Пытаясь описать жизнь Кнехта, мы тем самым пытаемся как-то истолковать ее, и если для нас, как историков, крайне огорчительно почти полное отсутствие действительно достоверных сведений о последней части этой жизни, то все же мужество для нашей затеи нам придало как раз то обстоятельство, что эта последняя часть жизни Кнехта стала легендой. Мы приводим эту легенду и согласны с ней, даже если она – благочестивый вымысел. Так же как о рождении и происхождении Кнехта, мы ничего не знаем и о его конце. Но у нас нет ни малейшего права предполагать, что конец этот мог быть случайным. В построении его жизни, насколько она известна, нам видится ясная градация, и если в своих предположениях о его конце мы охотно присоединяемся к легенде и доверчиво приводим ее, то поступаем так потому, что все, о чем сообщает легенда, вполне соответствует, на наш взгляд, как последняя ступень этой жизни, ее предыдущим ступеням. Признаемся даже, что уход этой жизни в легенду кажется нам естественным и правильным, ведь не возникает же у нас никаких сомнений в том, что светило, ушедшее из нашего поля зрения и для нас «закатившееся», продолжает существовать. Внутри мира, в котором мы, автор и читатель этих записок, живем, Иозеф Кнехт достиг наивысшего и совершил наивысшее: будучи как магистр Игры вождем и образцом для людей духовной культуры и духовных исканий, образцово распоряжался он, приумножая его, доставшимся ему духовным наследием, первосвященник храма, священного для любого из нас. Но поприща мастера, места на вершине нашей иерархии он не только достиг, не только занимал его – он его переступил, перерос, ушел от него в такое измерение, о котором мы можем только почтительно догадываться; и именно поэтому нам кажется вполне естественным и соответствующим его жизни тот факт, что и его биография переступила обычные измерения и в конце перешла в легенду. Мы соглашаемся с чудесностью этого факта и радуемся чуду, не пускаясь в его толкования. Но до тех пор, пока жизнь Кнехта исторична – а она до вполне определенного дня исторична, – мы хотим обращаться с ней соответственно и старались поэтому передать все в точности так, как оно предстало нам в ходе разысканий.

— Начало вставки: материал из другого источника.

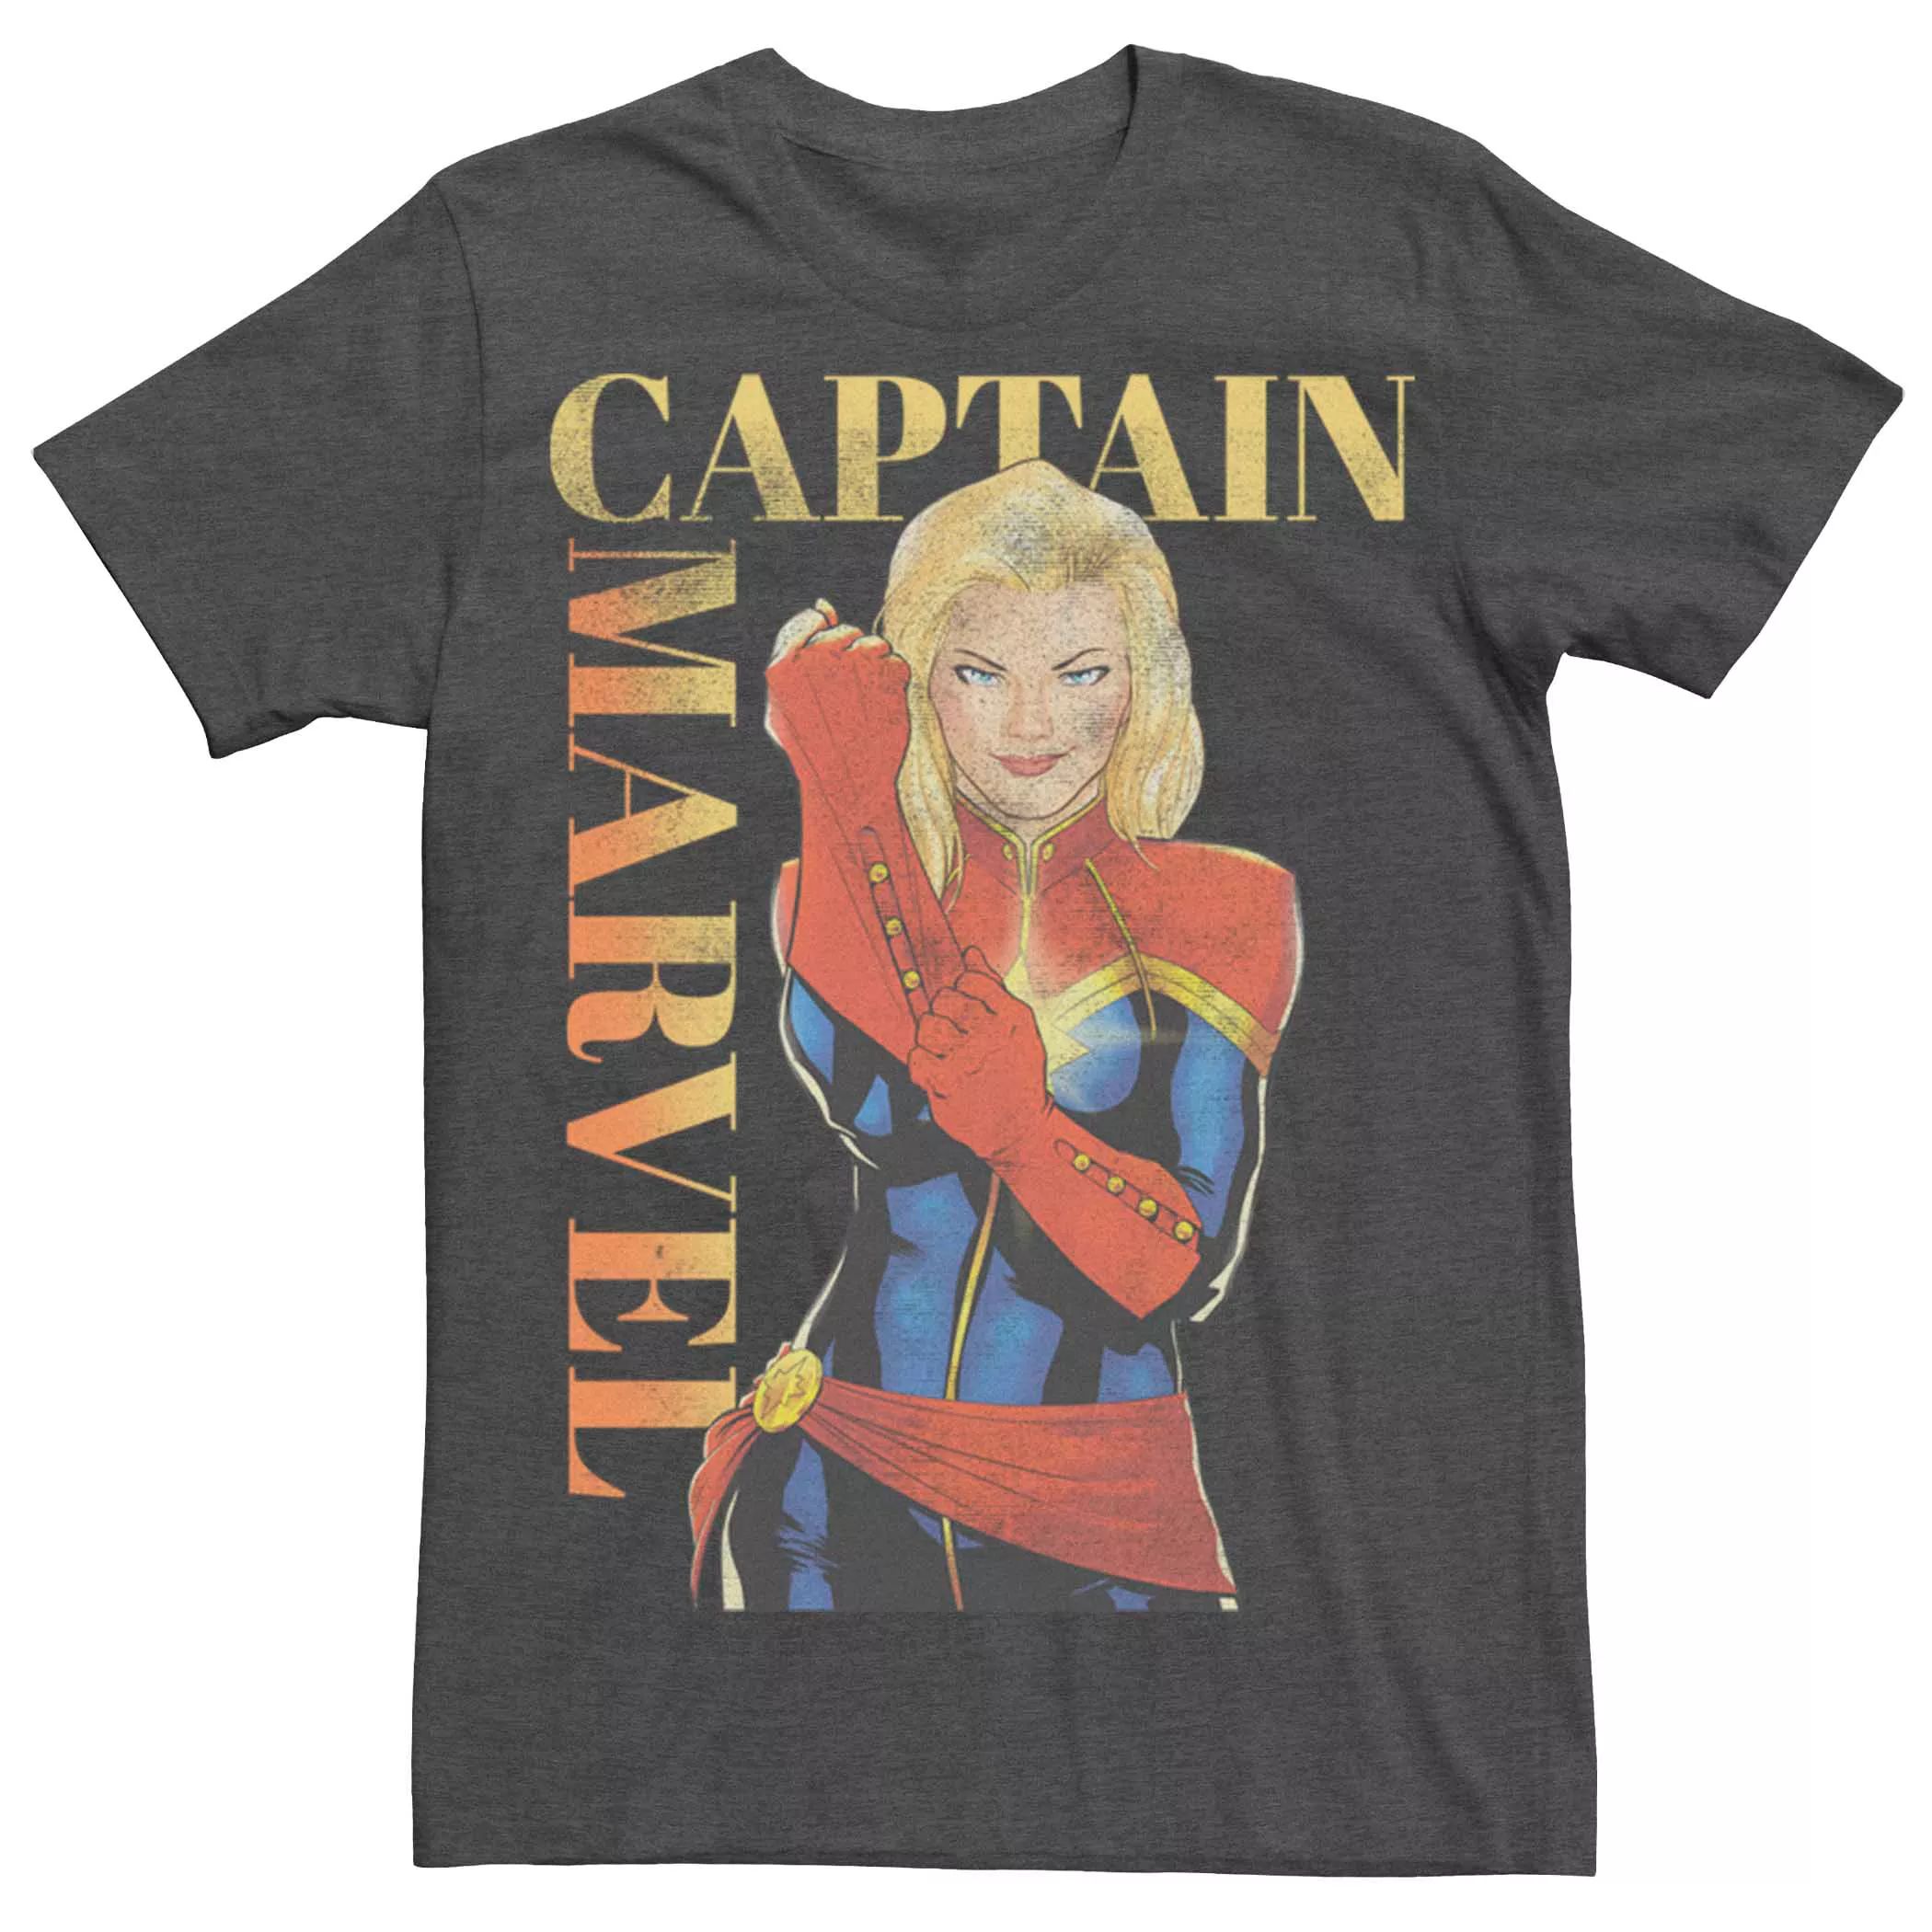 Мужская винтажная футболка с плакатом в костюме Капитана Марвела Licensed Character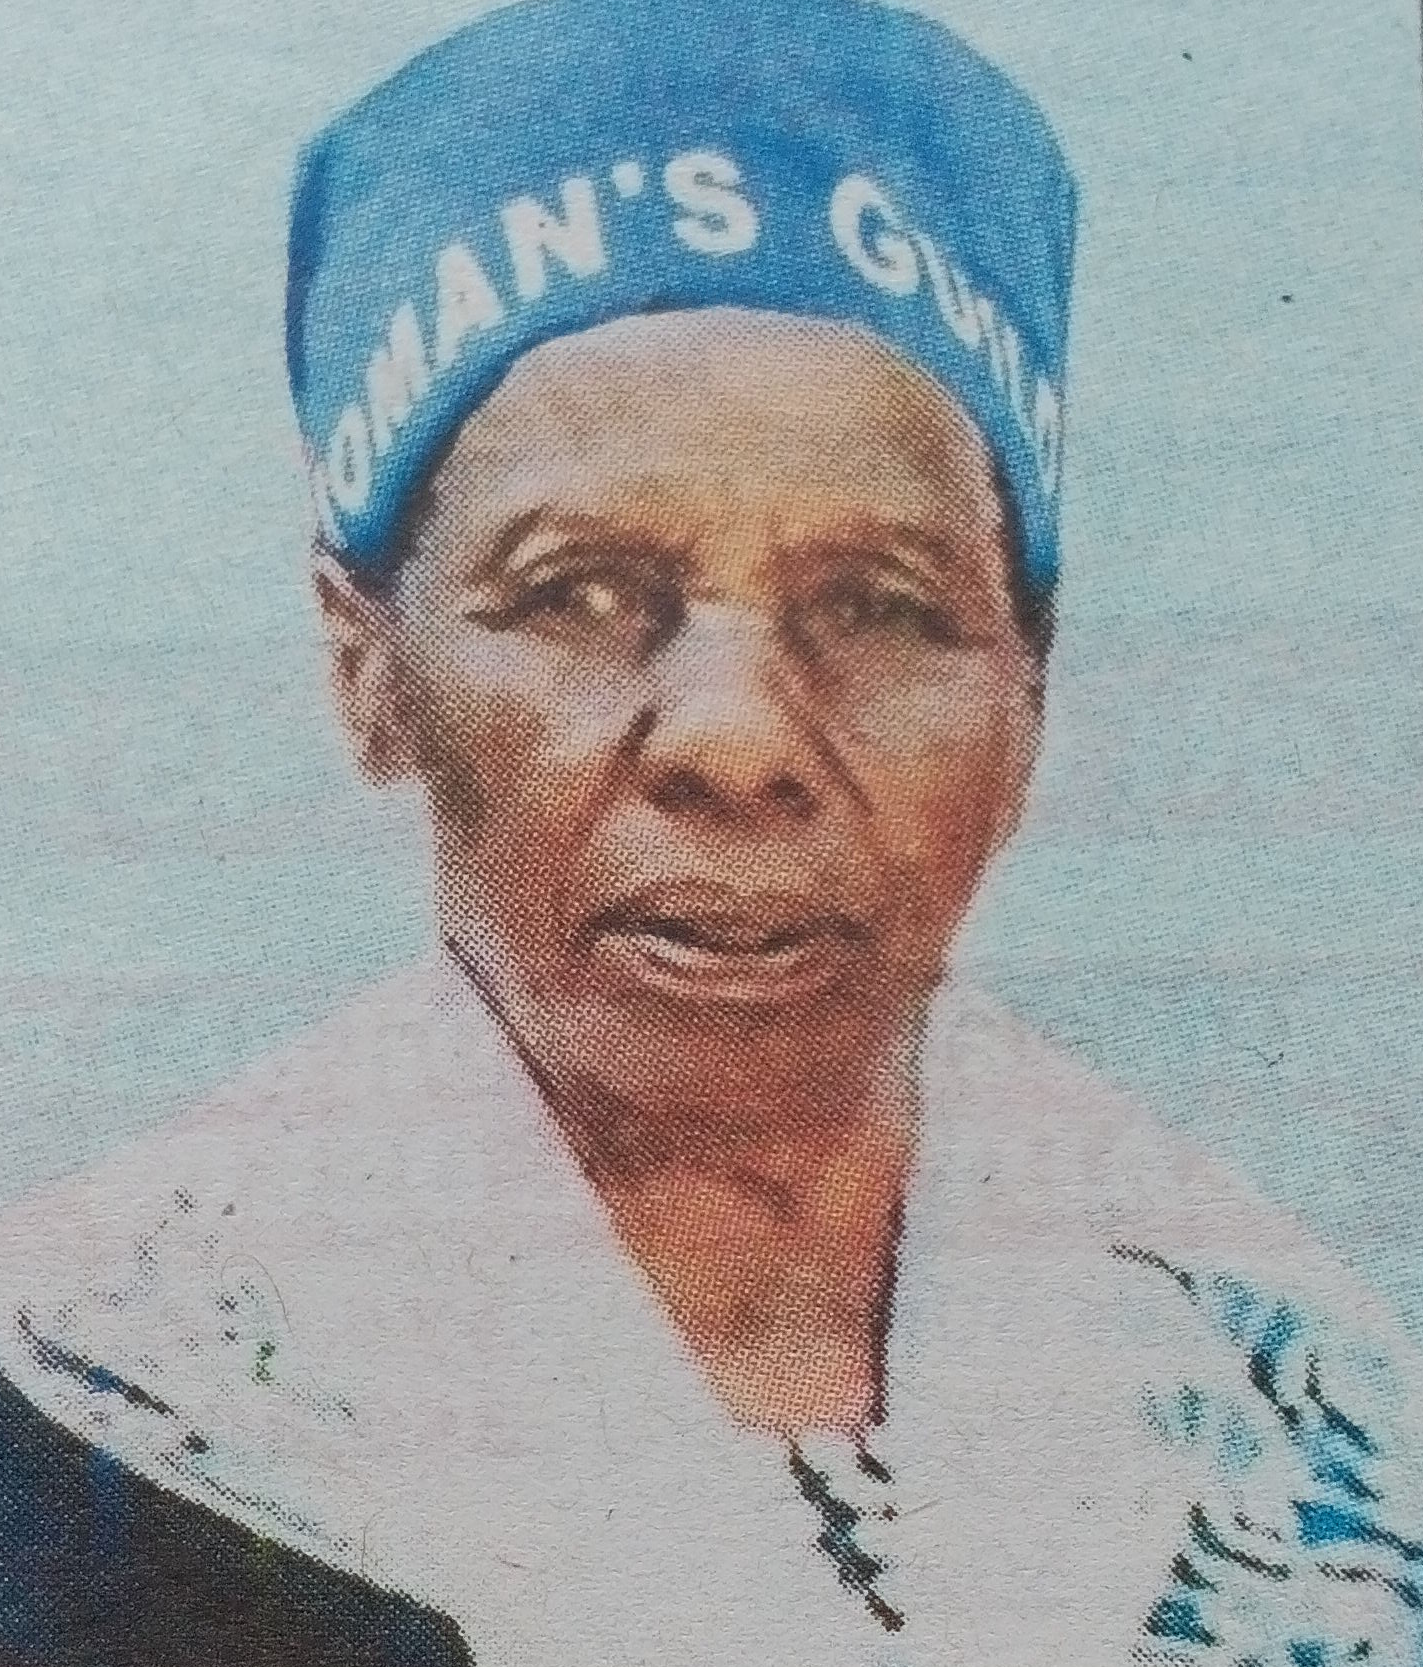 Obituary Image of Elder (Rtd) Miriam Muthoni Njuguna

Из его детства, то есть из периода до его поступления в элитную школу, мы знаем только одно событие, но событие важное и символическое, ибо оно знаменует первый великий зов духа, к нему обращенный, первый акт его призвания; и характерно, что первый этот зов донесся не со стороны науки, а со стороны музыки. Этим кусочком биографии, как почти всеми личными воспоминаниями Кнехта, мы обязаны заметкам одного обучавшегося Игре ученика, верного почитателя, записавшего немало высказываний и рассказов своего великого учителя.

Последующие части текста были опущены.